India and Canada reset ties with 'landmark' nuclear energy deal

India and Canada Seal Historic Uranium Deal, Target $50 Billion Trade by 2030

NEW DELHI, March 3, 2026 – Fresh from yesterday’s breakthrough talks, India and Canada have formally reset strained relations with a binding uranium supply agreement and concrete plans to quintuple bilateral trade within four years. The developments mark the most significant diplomatic turnaround since ties collapsed in 2023.

In a move described as "immediate and actionable" by energy analysts, Canadian Prime Minister Mark Carney and Indian Prime Minister Narendra Modi signed the uranium cooperation framework during Carney’s first visit to New Delhi since taking office last year. The CAD$2.6 billion (US$1.9 billion) deal guarantees long-term uranium shipments from Canada—home to 10% of global reserves—to fuel India’s expanding nuclear grid. This directly supports India’s urgent mission to grow nuclear capacity from 8 gigawatts today to 100 gigawatts by 2047.

"We struck a landmark deal for long-term uranium supply," PM Modi confirmed at Monday’s joint press conference, adding that both nations will now collaborate on small modular reactors—a critical technology for clean energy. PM Carney emphasized Canada’s role as a "reliable supplier," noting the agreement anchors a new "strategic energy partnership" that also includes LNG exports from Canada’s Pacific coast.

The breakthrough extends far beyond energy. In a previously unannounced detail revealed yesterday, both leaders committed to finalizing a Comprehensive Economic Partnership Agreement (CEPA) by December 2026, with an aggressive target to boost annual trade from $9 billion today to $50 billion by 2030. The deal covers critical minerals for India’s electronics and nuclear sectors, where Canada holds vast lithium and cobalt deposits.
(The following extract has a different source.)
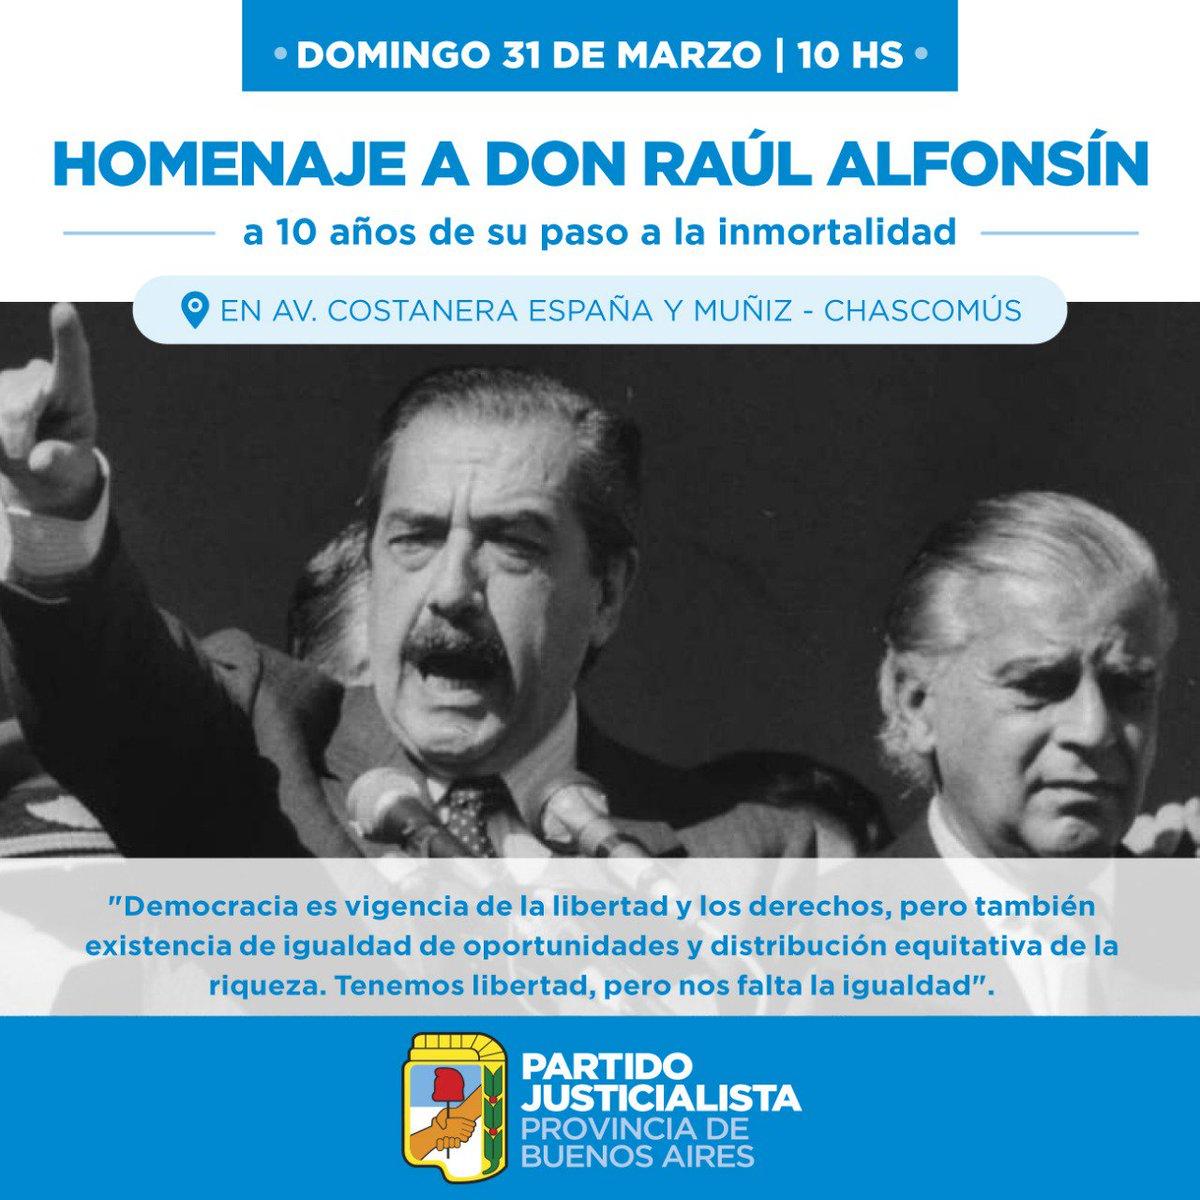 Realizan homenajes a Raúl Alfonsín en el cementerio de La Recoleta

Diplomatic sources confirm these agreements directly undo the damage from 2023, when Canada’s previous government severed cooperation amid unproven allegations linking India to the death of a Sikh activist. Yesterday’s handshake-filled meetings—including defense industry talks and joint counterterrorism pledges—signal a complete reversal. "This isn’t just renewal," Carney stated plainly. "It’s a partnership with new ambition." Notably, Carney departs today for Australia and Japan, cementing this reset as the cornerstone of Canada’s new Indo-Pacific trade strategy.

Global markets reacted swiftly: India’s nuclear energy stocks surged 7% overnight, while Canadian uranium miner Cameco hit a 52-week high. With India needing to add 22 nuclear reactors by 2031, this deal eliminates a major bottleneck in Delhi’s clean energy transition. For Canada—a nation urgently diversifying beyond U.S. trade—it unlocks a $5 trillion economy hungry for resources. As one trade negotiator put it: "They didn’t just mend fences. They built a highway."